在Linux中需要切换的主要是栈顶寄存器,在task_struct有成员变量thread,记录了进程切换需要修改的寄存器

/* CPU-specific state of this task: */
  struct thread_struct    thread;

进程切换的时候,会将某个进程的thread_struct里寄存器的值写到CPU的TR指向的tss_struct,对于CPU就完成了切换

例如__switch_to中的load_sp0就是将下一个进程的thread_struct的sp0加载到tss_struct

指令指针的保存与恢复

在进程切换的时候

  • 用户栈,跟随进程空间一起切换的
  • 内核栈,在__switch_to中切换,current_task指向当前的task_struct,里边的void *stack指针就是当前的内核栈
  • 内核栈栈顶指针,__switch_to_asm中切换
  • 用户栈栈顶指针,在内核栈的pt_regs

当发生切换的时候,A进程的内核态指令指针指向了__schedule,内核栈会保留这个调用,通过btrfs_wait_for_no_snapshoting_writes函数,经过层层调用到达context_switch

switch_to(prev, next, prev);
barrier();
return finish_task_switch(prev);

当A进程执行switch_to,内核态的指令指针也是指向这一行,在执行的时候将寄存器和栈都换为了B,没有变的是指令寄存器,返回的时候finish_task_switch已经指向了下一个进程B

当其他进程切换到A进程的时候,也是在finish_task_switch已经指向了A进程继续执行

finish_task_switch执行完毕后,返回__schedule的调用,但是btrfs_wait_for_no_snapshoting_writes是在A进程,所以是去B进程找当时进行scheduler()之后继续执行,在内核执行完返回由用户态

在返回用户态的时候,通过内核栈的pt_regs的用户态的指令指针寄存器运行下一条指令

switch_to有三个参数

#define switch_to(prev, next, last)          \
do {                  \
  prepare_switch_to(prev, next);          \
                  \
  ((last) = __switch_to_asm((prev), (next)));      \
} while (0)

这里switch_to(prev = A, next=B, last=C)记录了,是被B切换走的,但是切换是从C回来的

这么设计finish_task_switch是因为需要对C做一些善后工作

总结一下各类指针保存位置和时刻

  • 用户栈, 切换进程内存空间时切换
  • 用户栈顶指针, 内核栈pt_regs中弹出
  • 用户指令指针, 内核栈pt_regs中弹出
  • 内核栈, 由切换的task_struct中的stack指针指向
  • 内核栈顶指针, __switch_to_asm函数切换(保存在thread中)
  • 内核指令指针寄存器, 进程调度最终都会调用__schedule, 因此在让出(从当前进程)和取得(从其他进程) CPU时, 该指针都指向同一个代码位置

17 抢占调度

抢占式调度

产生的原因就是一个进程执行过长,需要切换到另一个进程。

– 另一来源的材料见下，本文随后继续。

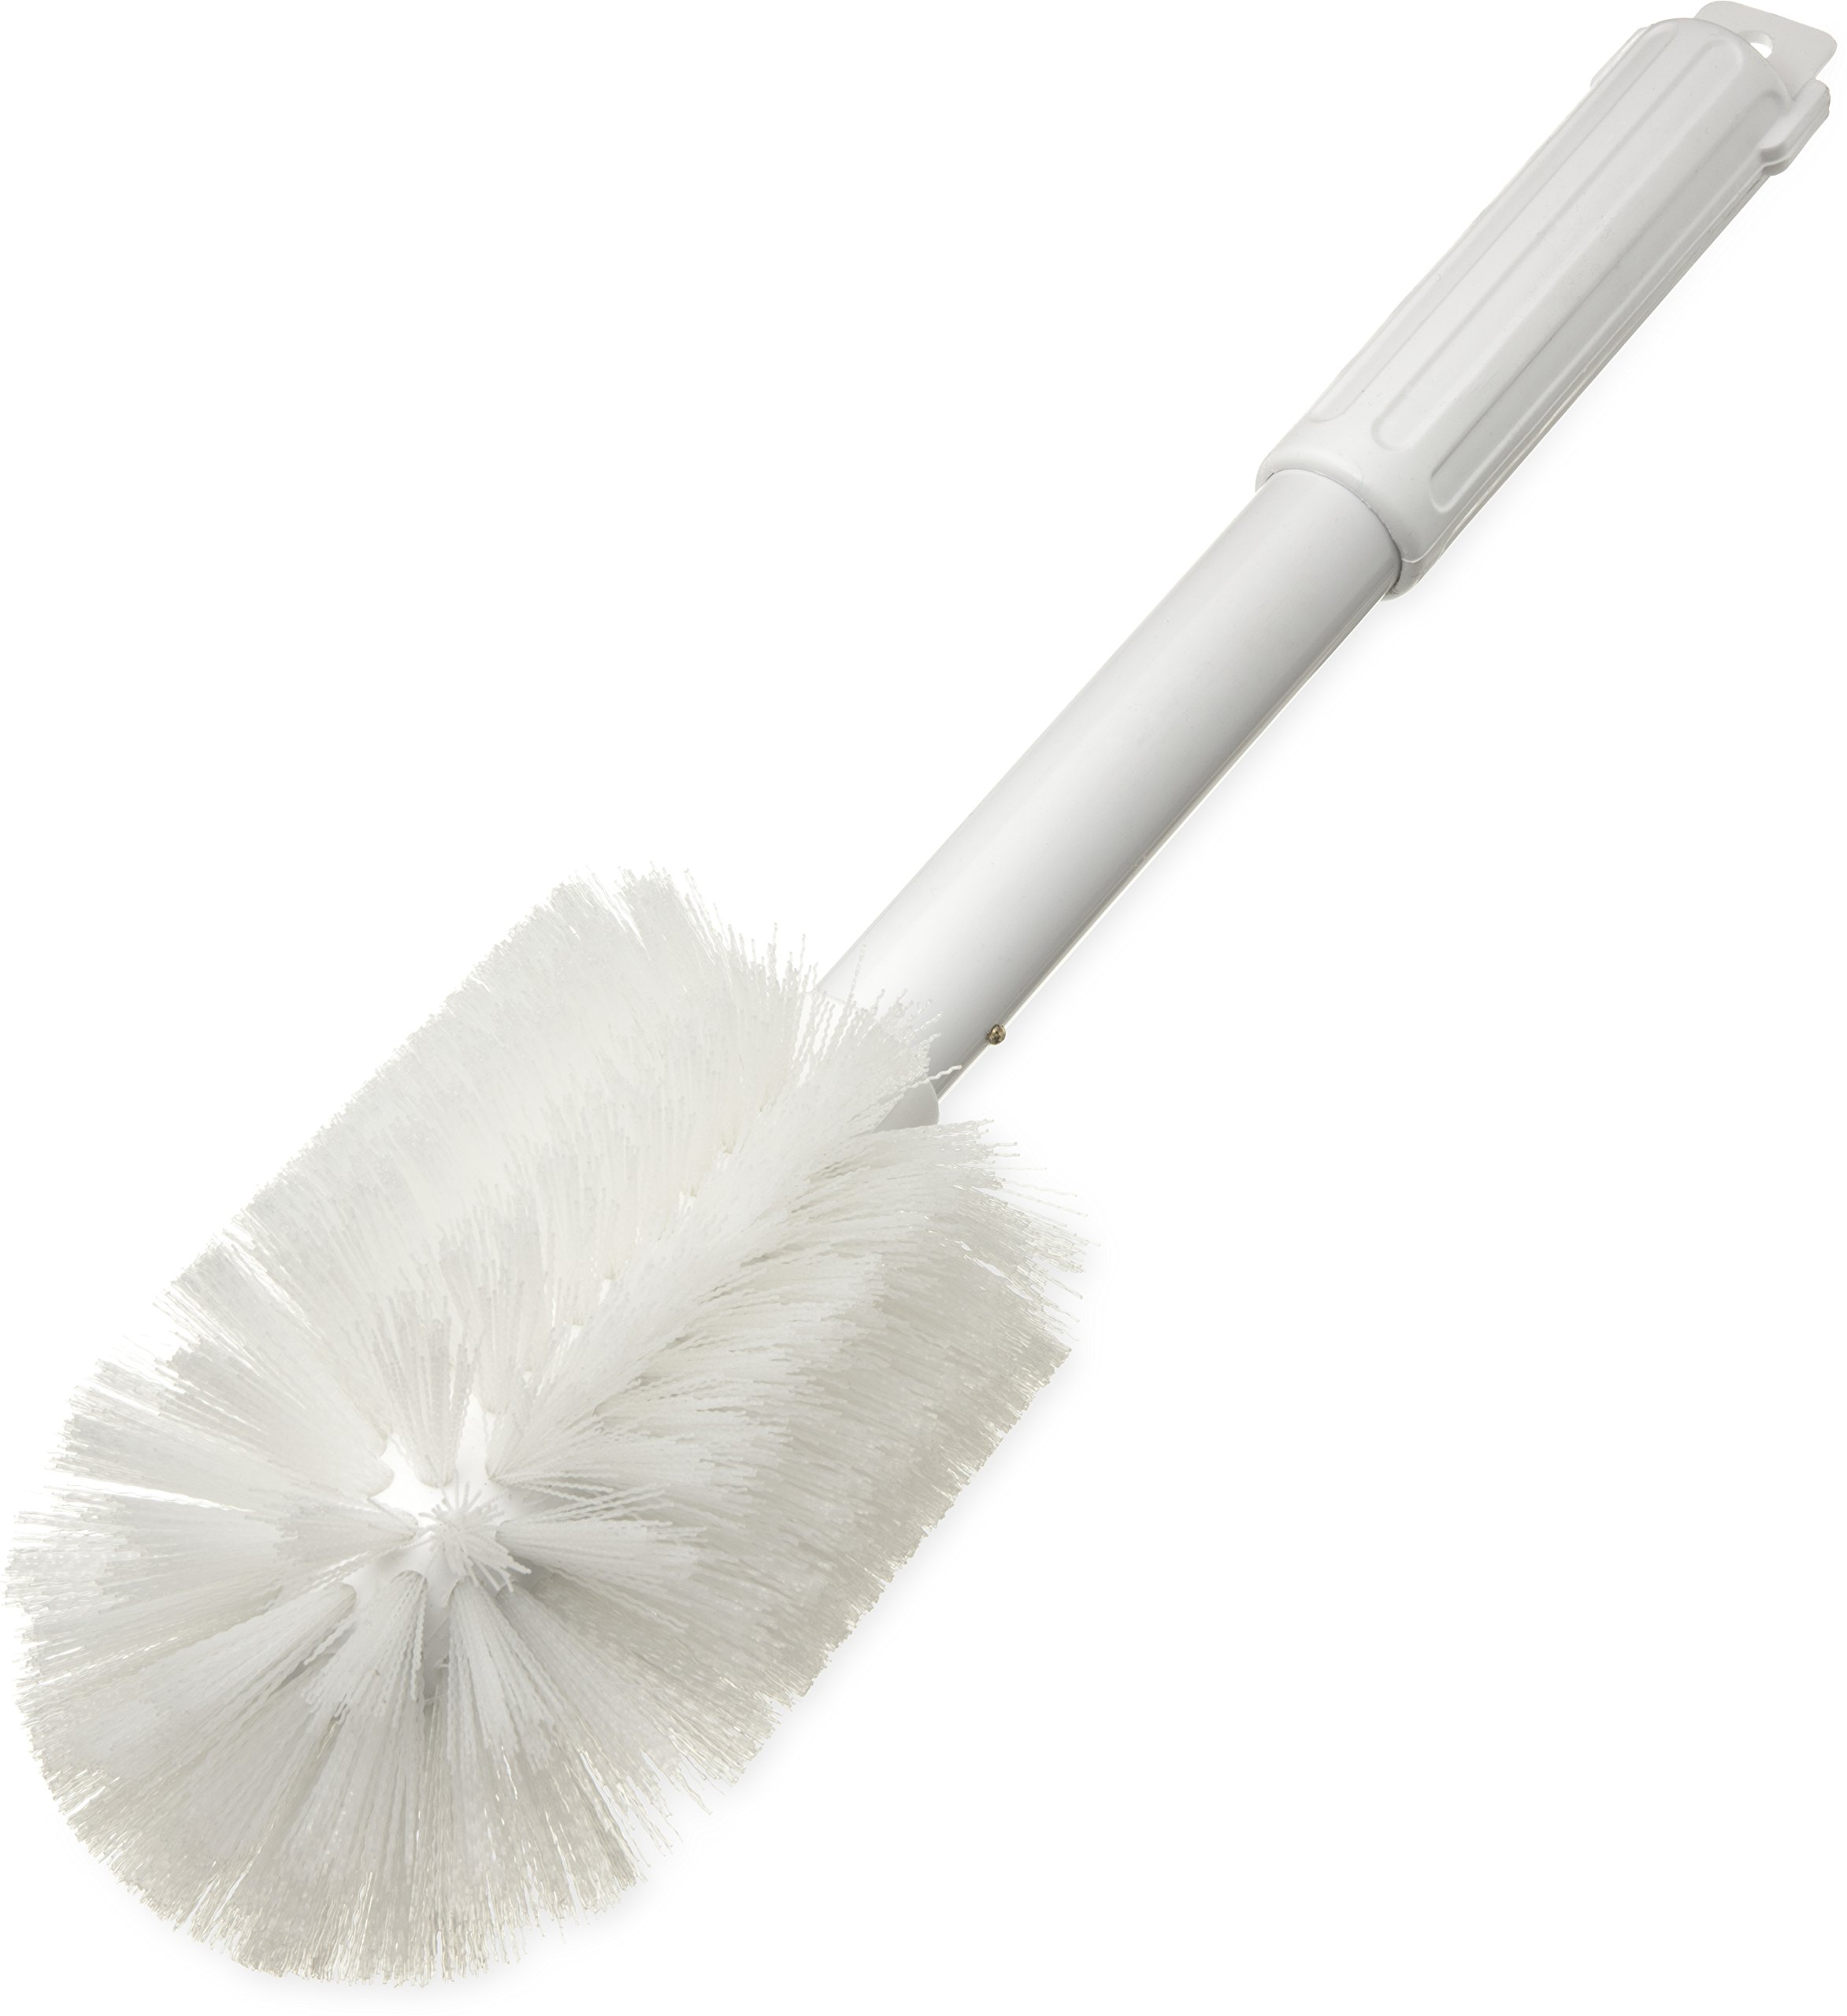 "Carlisle 4000502 Multi-Purpose Round Valve Brush, 4"" Polyester Bristles, 16"" Length, White"

计算机中有一个时钟,过一段时间触发一次时间中断

时钟中断处理函数会调用scheduler_tick()

void scheduler_tick(void)
{
  int cpu = smp_processor_id();
  struct rq *rq = cpu_rq(cpu);
  struct task_struct *curr = rq->curr;
......
  curr->sched_class->task_tick(rq, curr, 0);
  cpu_load_update_active(rq);
  calc_global_load_tick(rq);
......
}

这个函数会取出CPU的运行队列,获取到CPU队列上运行的进程task_struct,然后调用task_structtask_tick函数

例如普通进程,调度类为fair_sched_class,调度的处理时钟函数为task_tick_fair


static void task_tick_fair(struct rq *rq, struct task_struct *curr, int queued)
{
  struct cfs_rq *cfs_rq;
  struct sched_entity *se = &curr->se;


  for_each_sched_entity(se) {
    cfs_rq = cfs_rq_of(se);
    entity_tick(cfs_rq, se, queued);
  }
......
}

根据当前线程的task_struct,找到对应调度实体sched_entitycfs_rq队列,调用entity_tick

static void
entity_tick(struct cfs_rq *cfs_rq, struct sched_entity *curr, int queued)
{
  update_curr(cfs_rq);
  update_load_avg(curr, UPDATE_TG);
  update_cfs_shares(curr);
.....
  if (cfs_rq->nr_running > 1)
    check_preempt_tick(cfs_rq, curr);
}

entity_tick里,通过update_curr进行进程的vruntime更新,并调用check_preempt_tick判断是否是时候被抢占

static void
check_preempt_tick(struct cfs_rq *cfs_rq, struct sched_entity *curr)
{
  unsigned long ideal_runtime, delta_exec;
  struct sched_entity *se;
  s64 delta;


  ideal_runtime = sched_slice(cfs_rq, curr);
  delta_exec = curr->sum_exec_runtime - curr->prev_sum_exec_runtime;
  if (delta_exec > ideal_runtime) {
    resched_curr(rq_of(cfs_rq));
    return;
  }
......
  se = __pick_first_entity(cfs_rq);
  delta = curr->vruntime - se->vruntime;
  if (delta < 0)
    return;
  if (delta > ideal_runtime)
    resched_curr(rq_of(cfs_rq));
}

check_preempt_tick

  • 调用sched_slice计算出ideal_runtime(一个调度周期中进程应该运行的实际时间)
  • sum_exec_runtime(进程总计执行时间)与prev_sum_exec_runtime(进程上次被调用总计执行时间)差值大于ideal_runtime会被抢占
  • 调用__pick_first_entity去出树中最小的进程,如果当前进程的vruntime大于树中最小的进程的vruntime,并且差值大于ideal_runtime也会被抢占

把进程标记为被强占,因为需要运行程序调用__schedule才行,标记通过resched_curr中的set_tsk_need_resched进行标记,标签为TIF_NEED_RESCHED

static inline void set_tsk_need_resched(struct task_struct *tsk)
{
  set_tsk_thread_flag(tsk,TIF_NEED_RESCHED);
}

还有一种抢占情况是,当IO到来的时候,进程会被唤醒,当被唤醒的进程优先级高于CPU上的当前进程,就会触发抢占。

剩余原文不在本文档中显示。